_Your goal_.
Your answer must be the full listing, word for word, with no images in it.

_Data excerpt_.
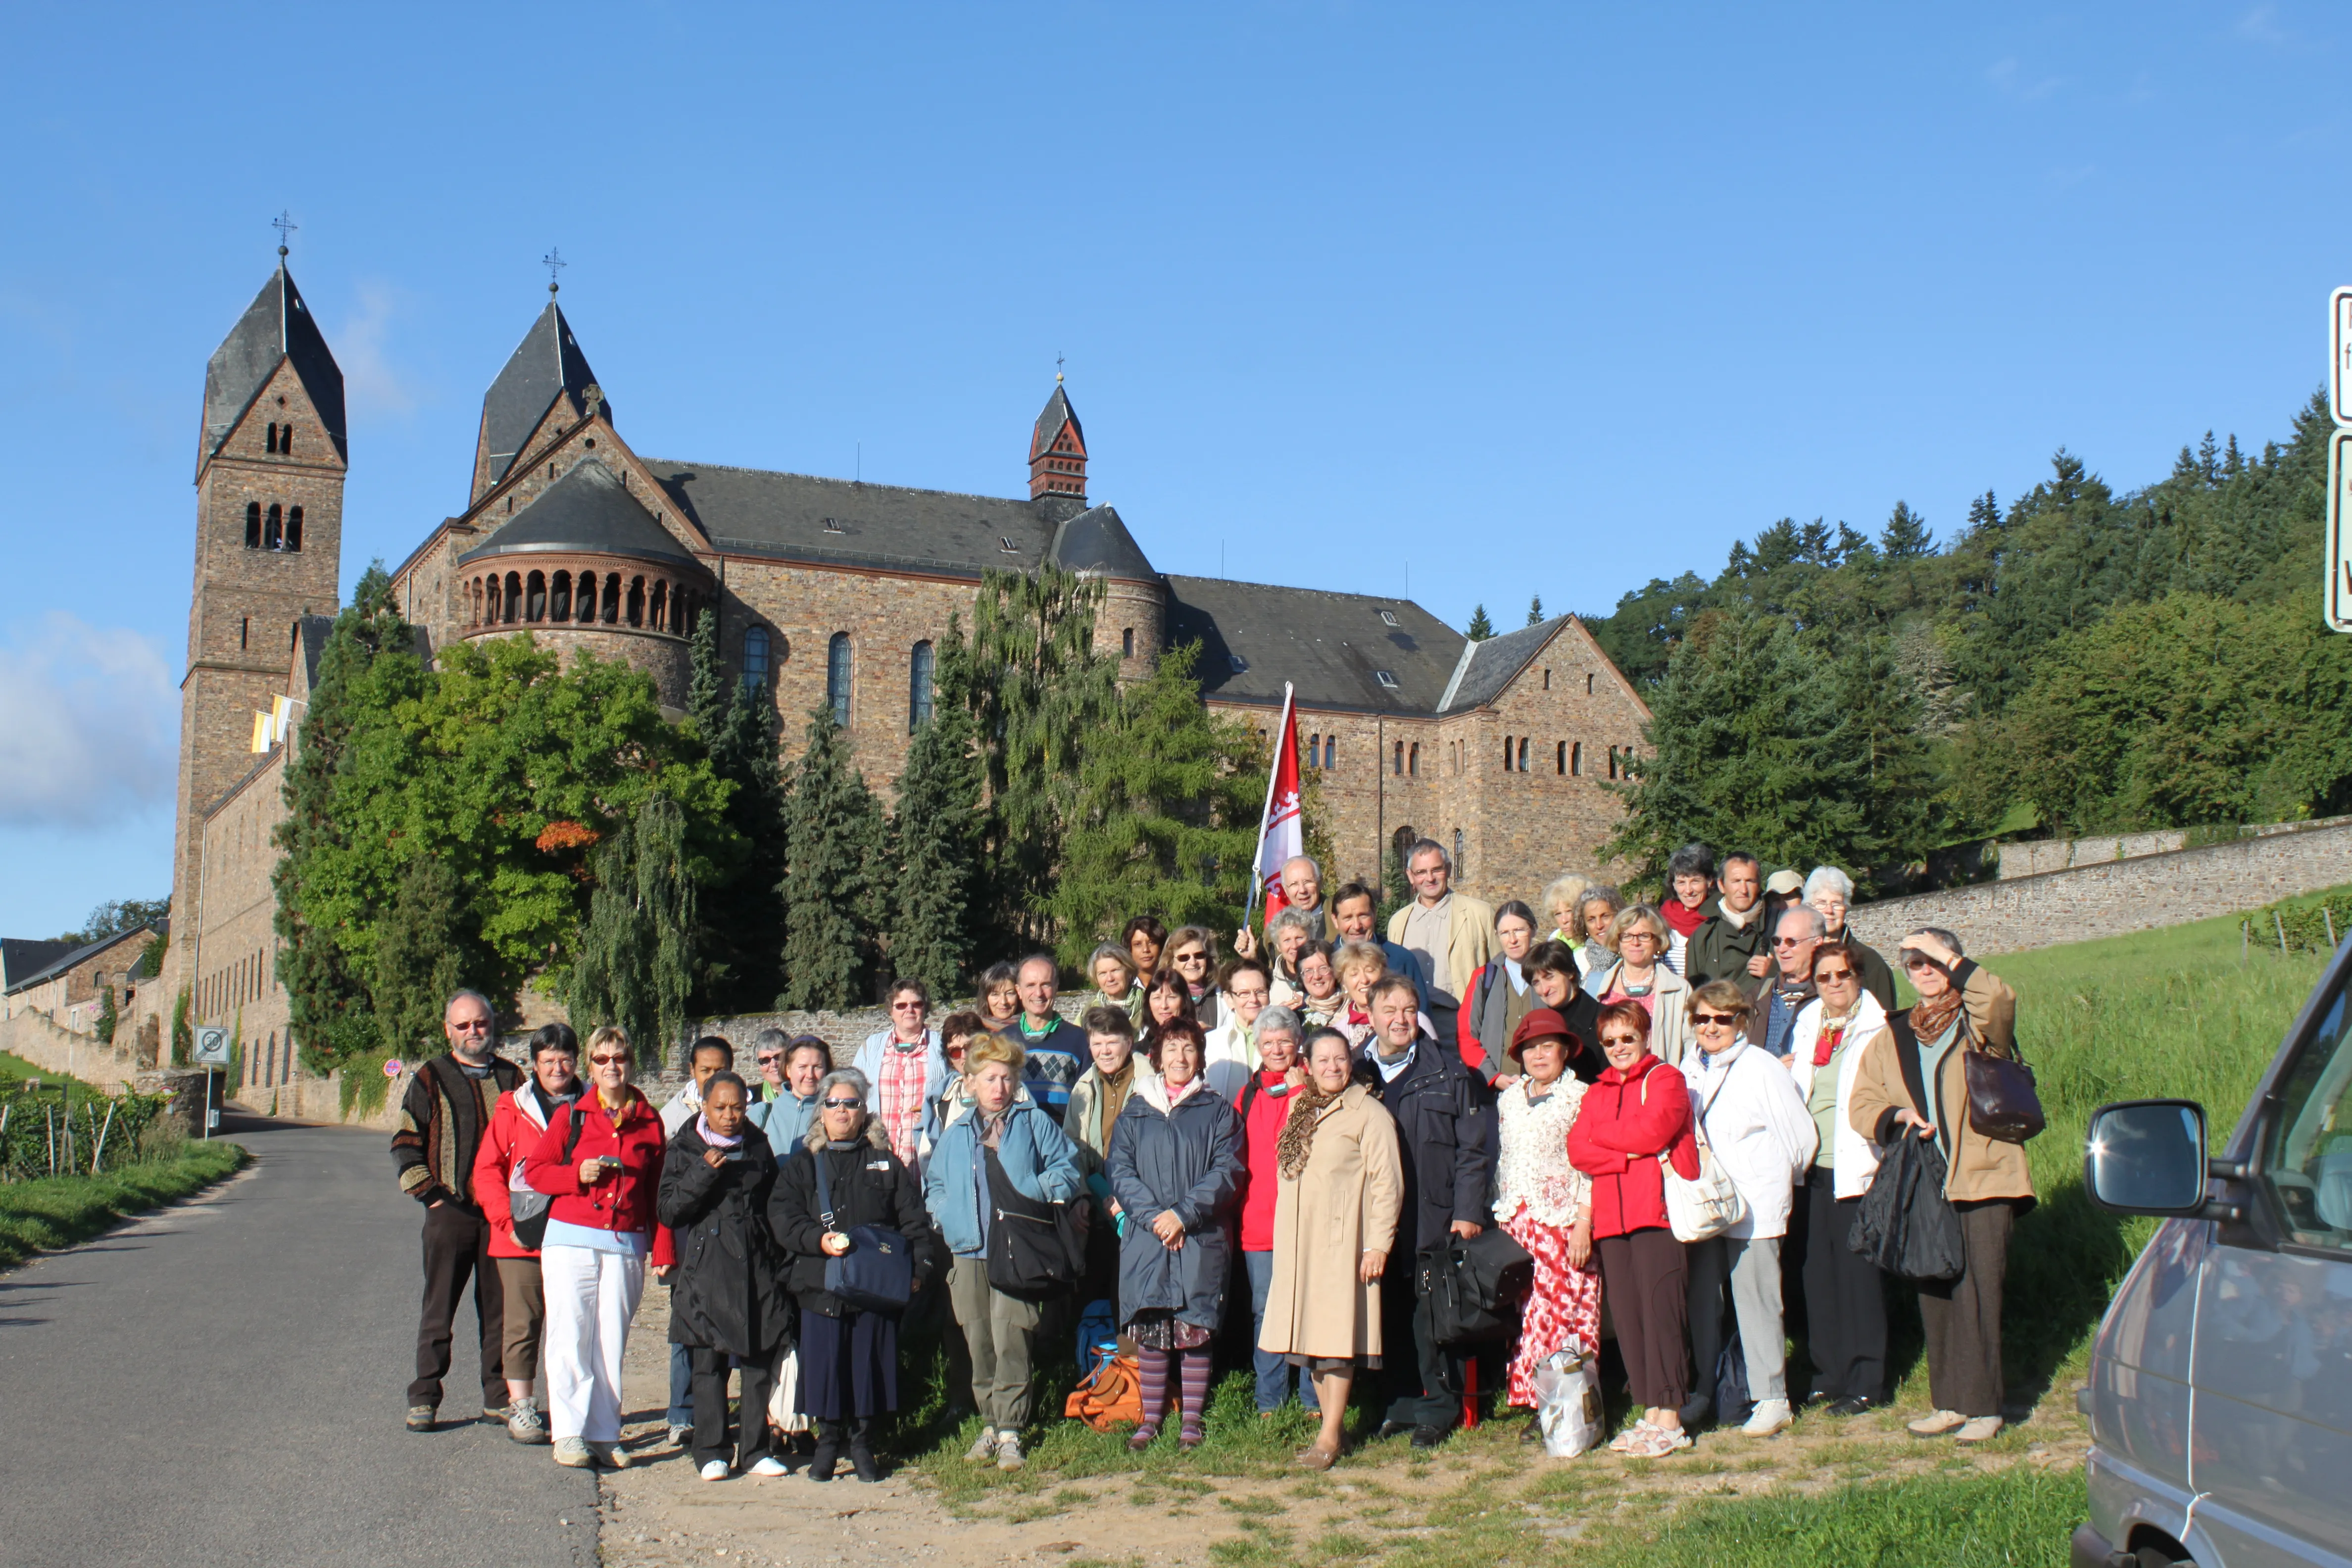 A group of pilgrims who followed the spiritual retreat with Claude and Marie France Delpech in front of St. Hildegard Abbey in Ebingen, Germany, Sept. 17, 2012.?w=200&h=150
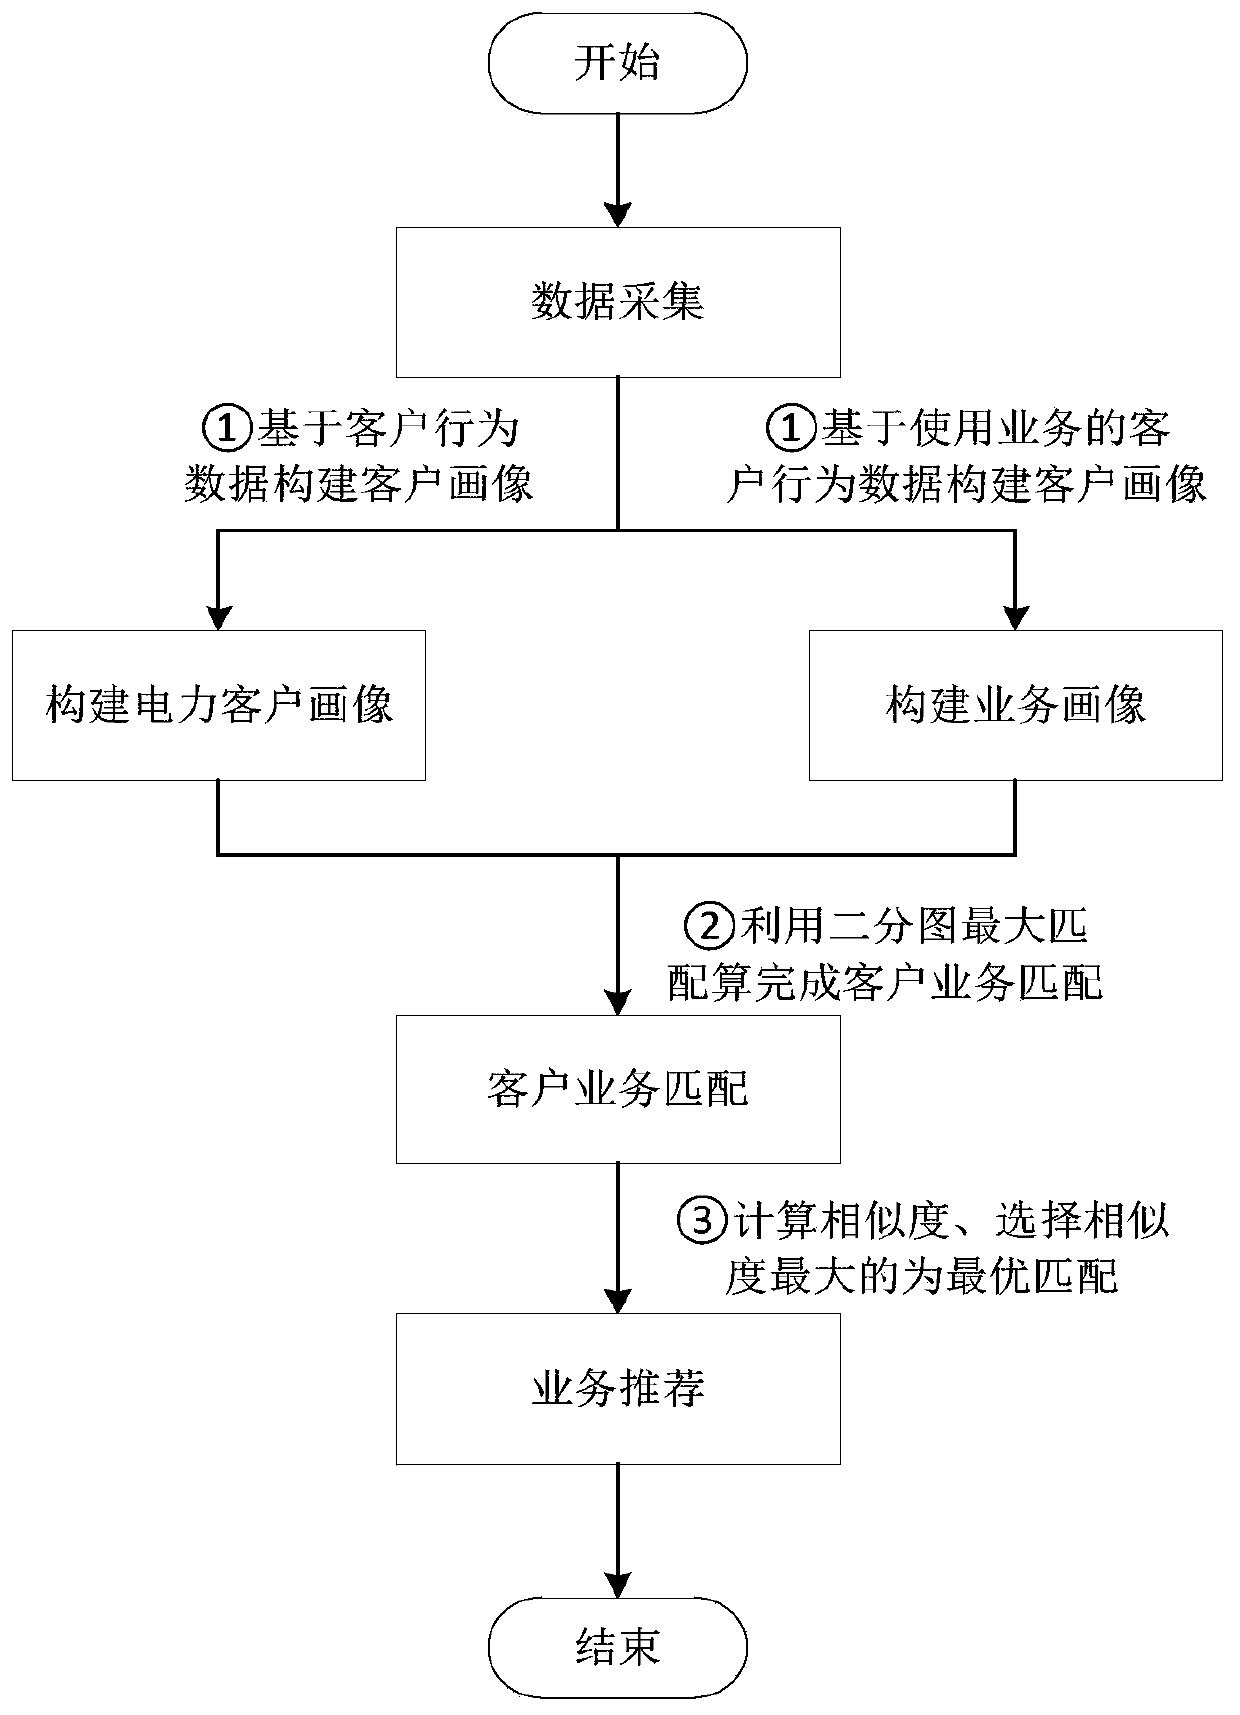 Information recommendation method and system based on multi-path optimization matching
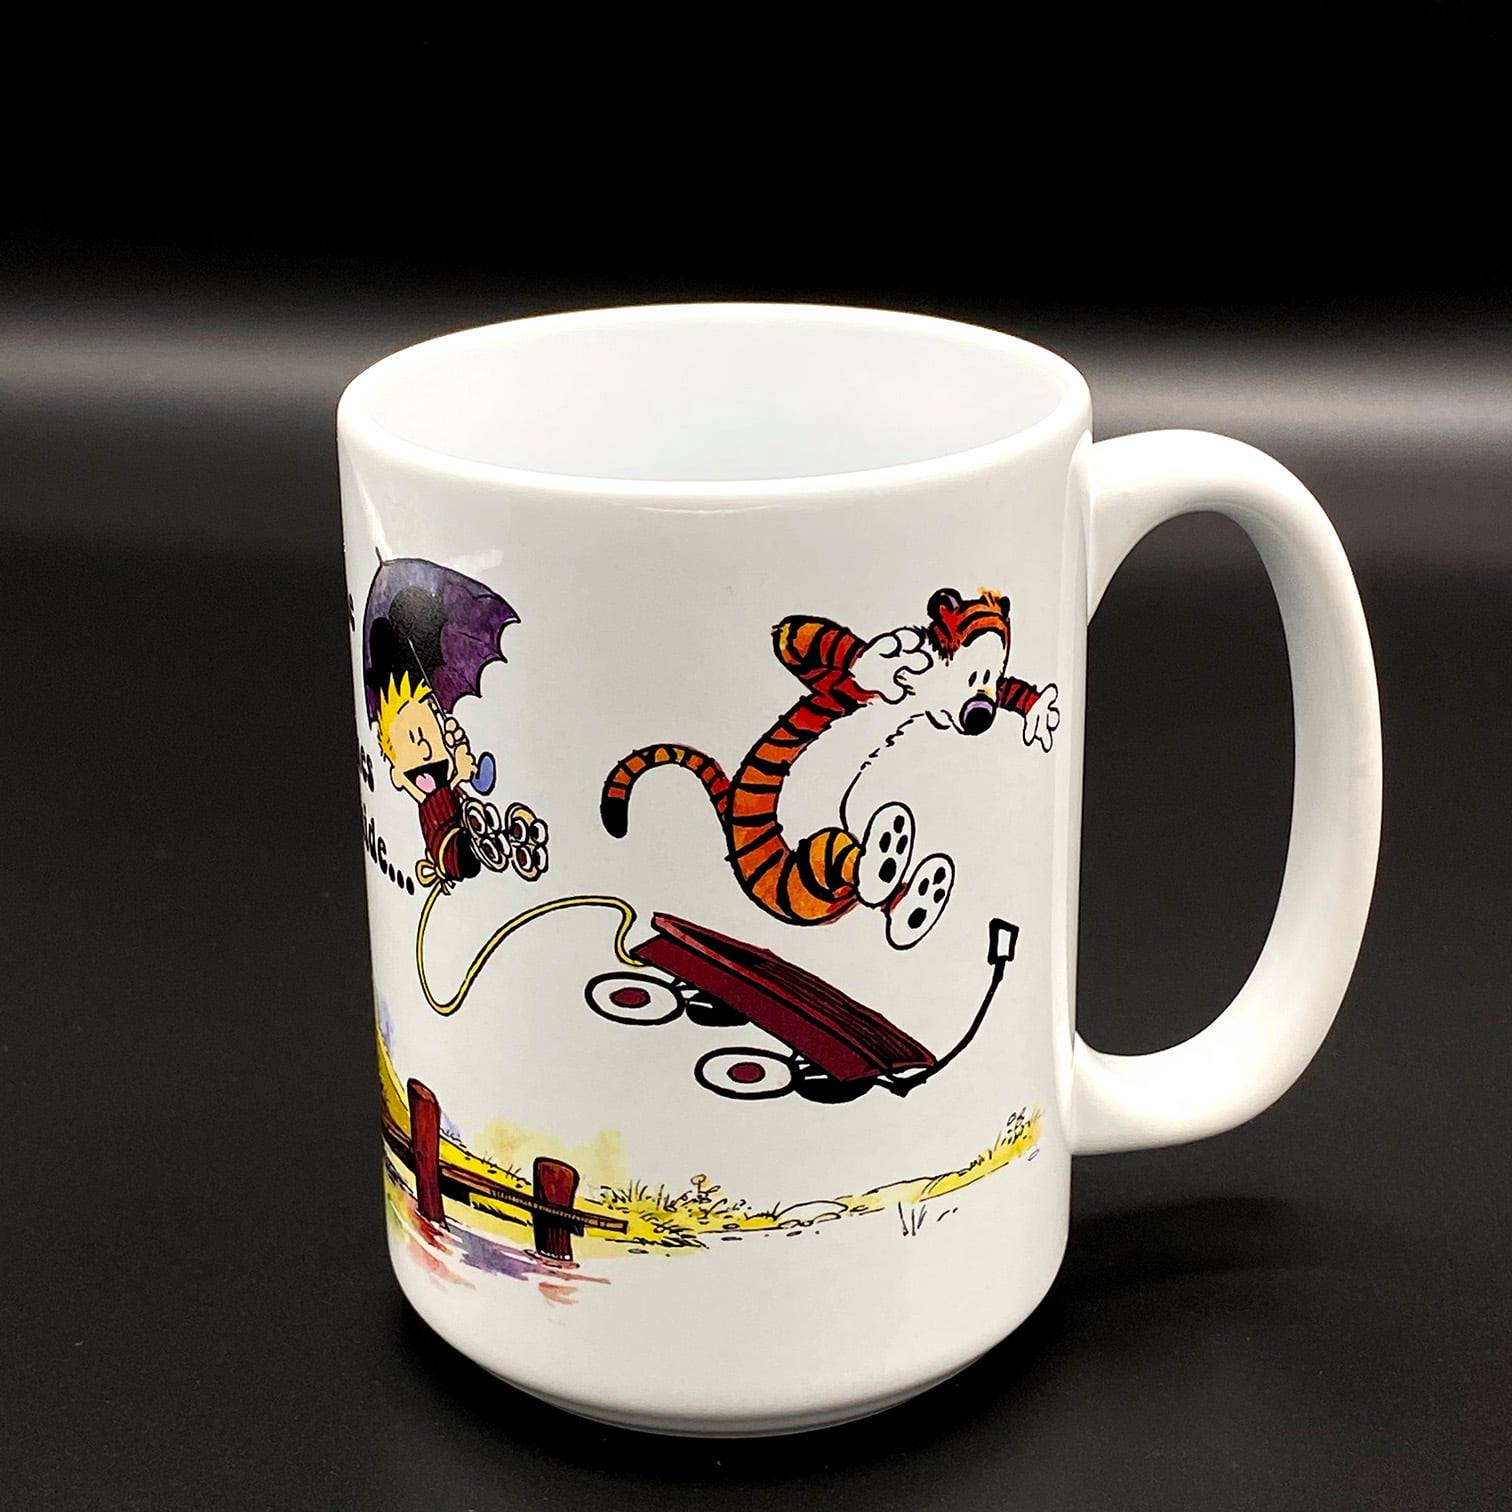 A white ceramic cup with a an image inspired by the Grateful Dead Song

_Expected answer_.
 A group of pilgrims who followed the spiritual retreat with Claude and Marie France Delpech in front of St. Hildegard Abbey in Ebingen, Germany, Sept. 17, 2012.?w=200&h=150
 Information recommendation method and system based on multi-path optimization matching
 A white ceramic cup with a an image inspired by the Grateful Dead Song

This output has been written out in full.